Until more research is available, the way in which the scale items were administered should be clearly specified. For the NU dataset reviewed here, for instance, the 66-item PHAP was administered, with APHAP scores obtained by extracting the responses to the 24-items comprising the APHAP or the 18 items comprising the APHAP-global. This is the same procedure as used by Cox and Alexander (1995) to generate the original norms for the APHAP/B and that has been followed in several studies. Subsequently, Johnson et al. (2010) compared the original PHAP-extracted APHAP norms to a separate set of norms obtained using the APHAP as a separate and independent scale (and with different hearing-aid technology compared to 1995). For the EC, FT and BN scales comprising the APHAP-global, there were no notable differences in percentiles between these two sets of norms. This comparison suggests that the way in which the score was obtained is of little consequence. Nonetheless, it is recommended that this be reported in future research studies until this can be confirmed.
We have proposed some guidelines for MDDs and MCIDs that can be used with the APHAB-global (or PHAB-global) to identify meaningful changes following the use of hearing aids. Professional practice guidelines recommend the use of outcome measures, including self-report measures, to assess the benefit of hearing aids (ASHA; Valente et al., 2006). MCIDs are central to the interpretation of those outcomes. In addition, both MDDs and MCIDs are essential to the interpretation of the outcomes of research examining the efficacy and effectiveness of hearing-aid interventions. These values are not only of importance to the interpretation of the results at the conclusion of a study but also are needed to appropriately power studies prior to data collection at the design stage.
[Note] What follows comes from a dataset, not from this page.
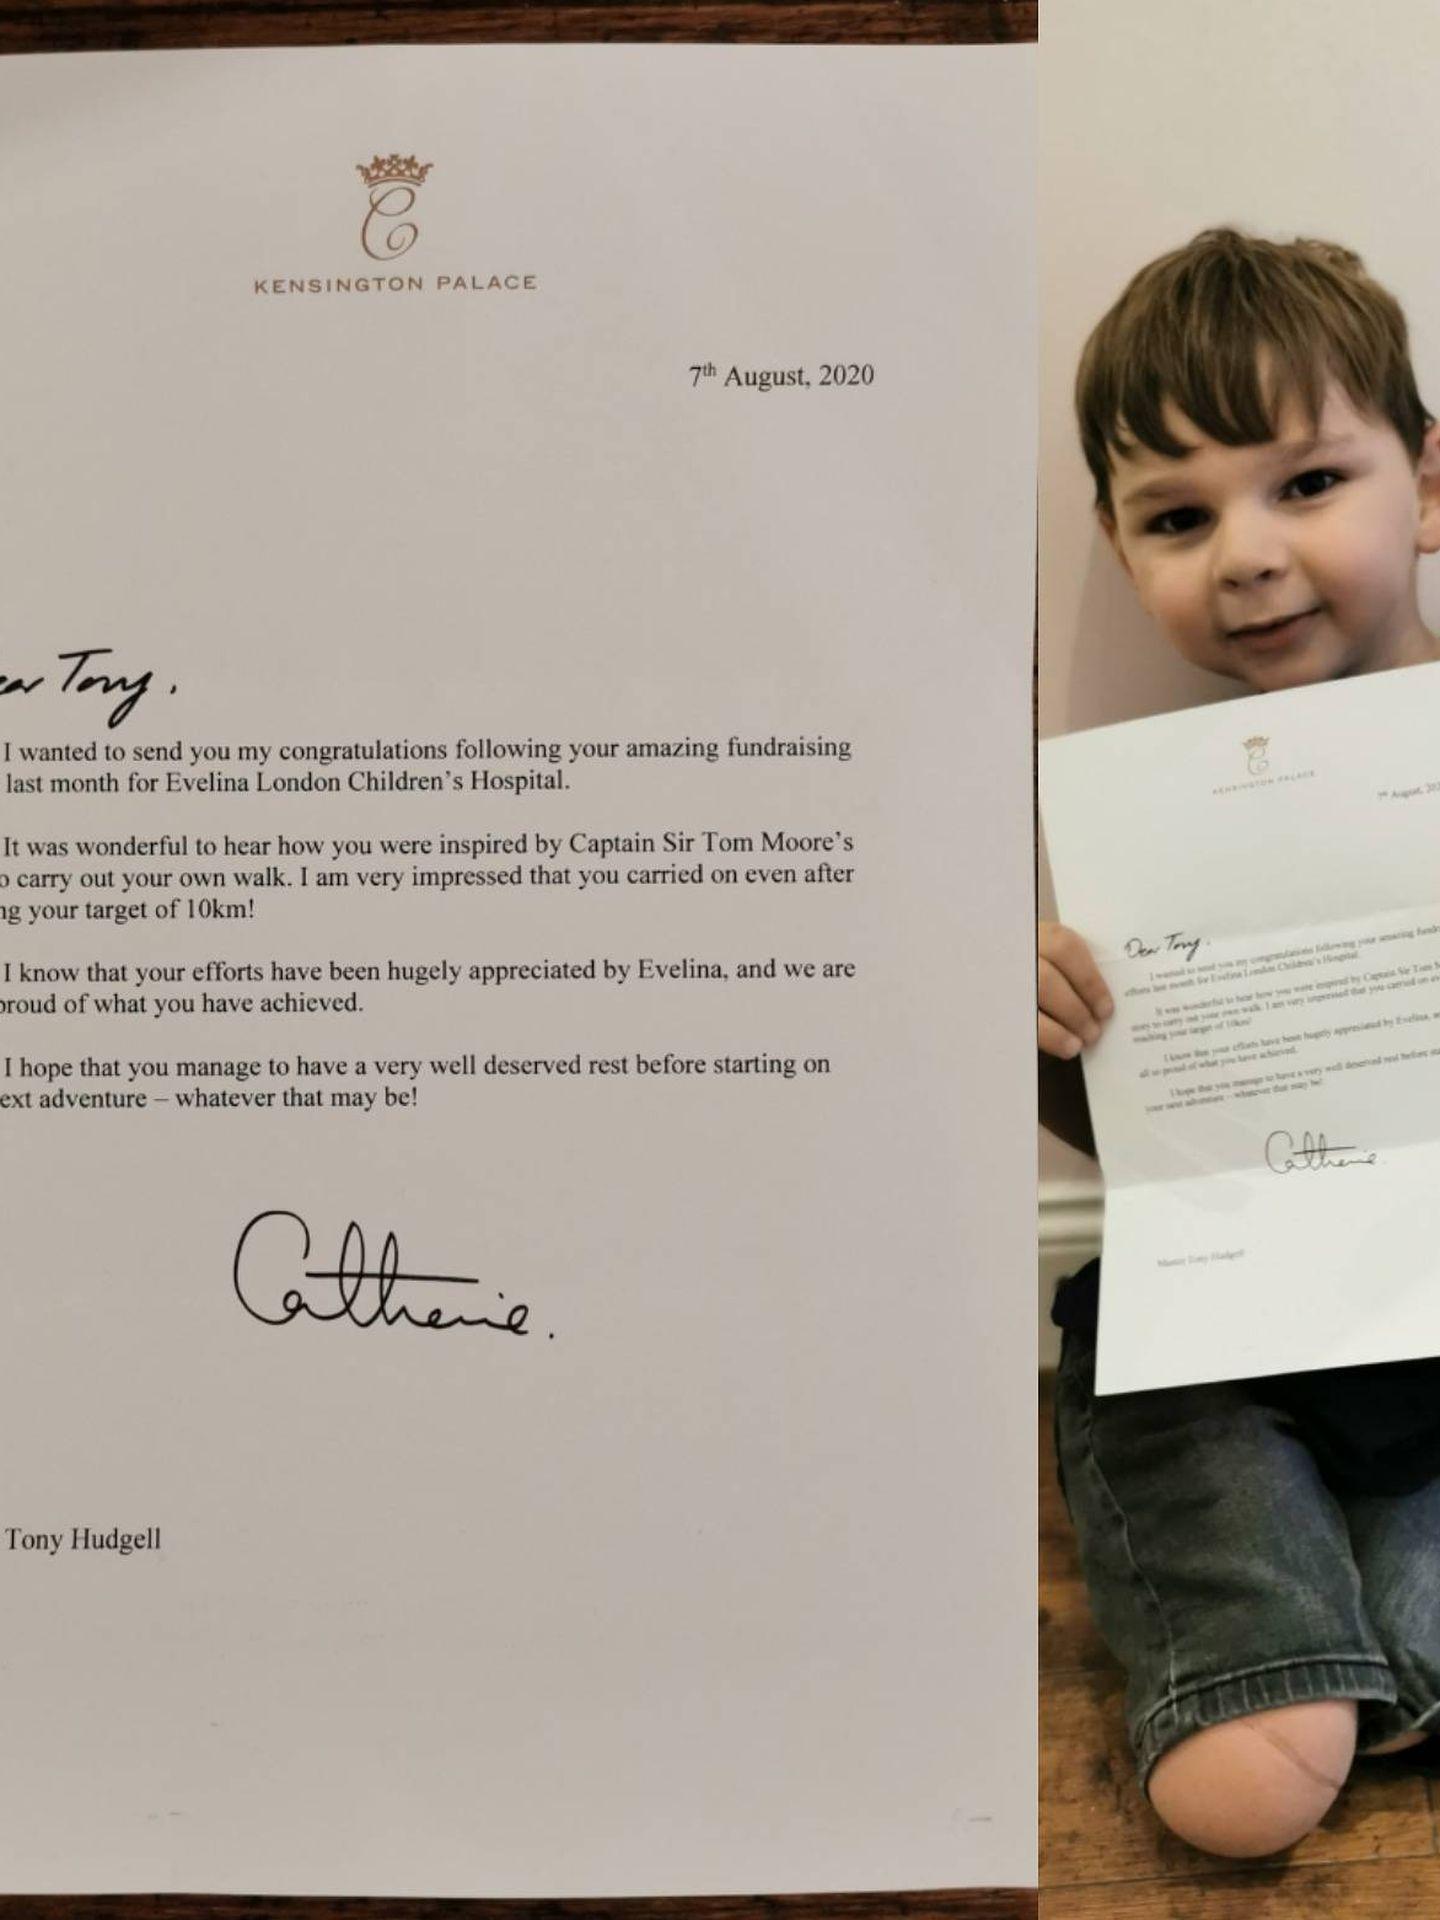 El niño Tony Hudgell, con una carta enviada por Kate Middleton. (Twitter: @bearsjourney)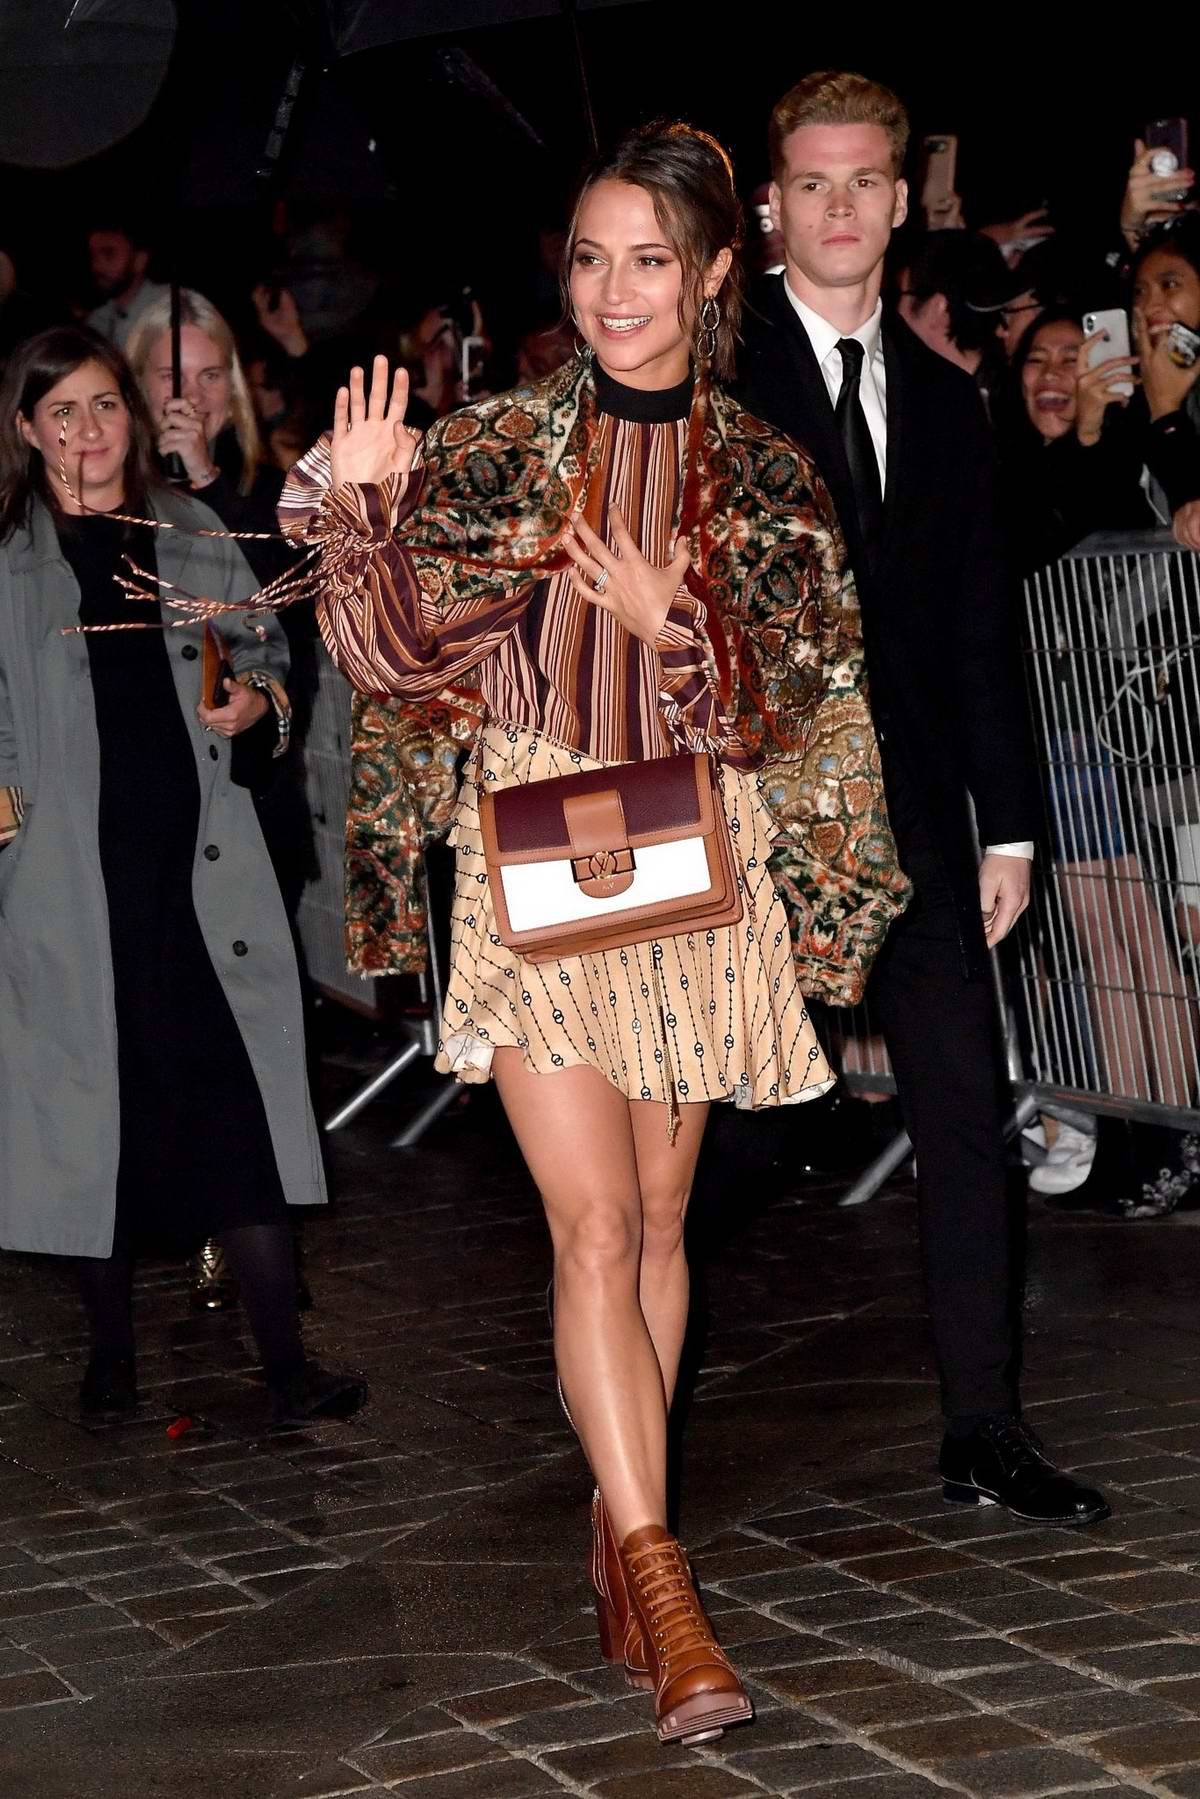 Alicia Vikander attending the Louis Vuitton show during Paris Fashion Week in Paris, France

Finally, our focus in this article has been on the APHAB-global with implications for the parent outcome measure, PHAB-global, as well. Although one of the most broadly used self-report outcomes, many others exist. It may be the case that the baseline dependence of outcomes that has been described here is also relevant for these other outcome measures. In fact, we have examined this for one of the other widely used outcome measures, the Hearing Handicap Inventory for the Elderly (HHIE; Ventry & Weinstein, 1982), and have observed a similar dependency (Humes et al., 2025b).
Footnotes
Acknowledgments
For the data reported from Northwestern University (NU), the collection of these data was supported, in part, by a research contract from PCORI (#HL-2019C1-16094).
Ethical Approval and Informed Consent Statement
For the Northwestern University (NU) data reported here, the study protocol, including screening of participants, was approved by Northwestern University's Institutional Review Board (STU00213710).
Funding
The authors disclosed receipt of the following financial support for the research, authorship, and/or publication of this article: For the Northwestern University (NU) data reported here, the research to gather those data was funded, in part, through a Patient-Centered Outcomes Research Institute (PCORI) Award (HL-2019C1-16094; S. Dhar, L. Humes Co-PIs). The views, statements, and opinions in this presentation are solely the responsibility of the authors and do not necessarily represent the views of the Patient-Centered Outcomes Research Institute (PCORI), its Board of Governors or Methodology Committee.
Declaration of Conflicting Interests
The authors declared no potential conflicts of interest with respect to the research, authorship, and/or publication of this article.
Data Availability Statement
The NU data will be made freely available through the PCORI website following publication of the final project report on that website in the near future.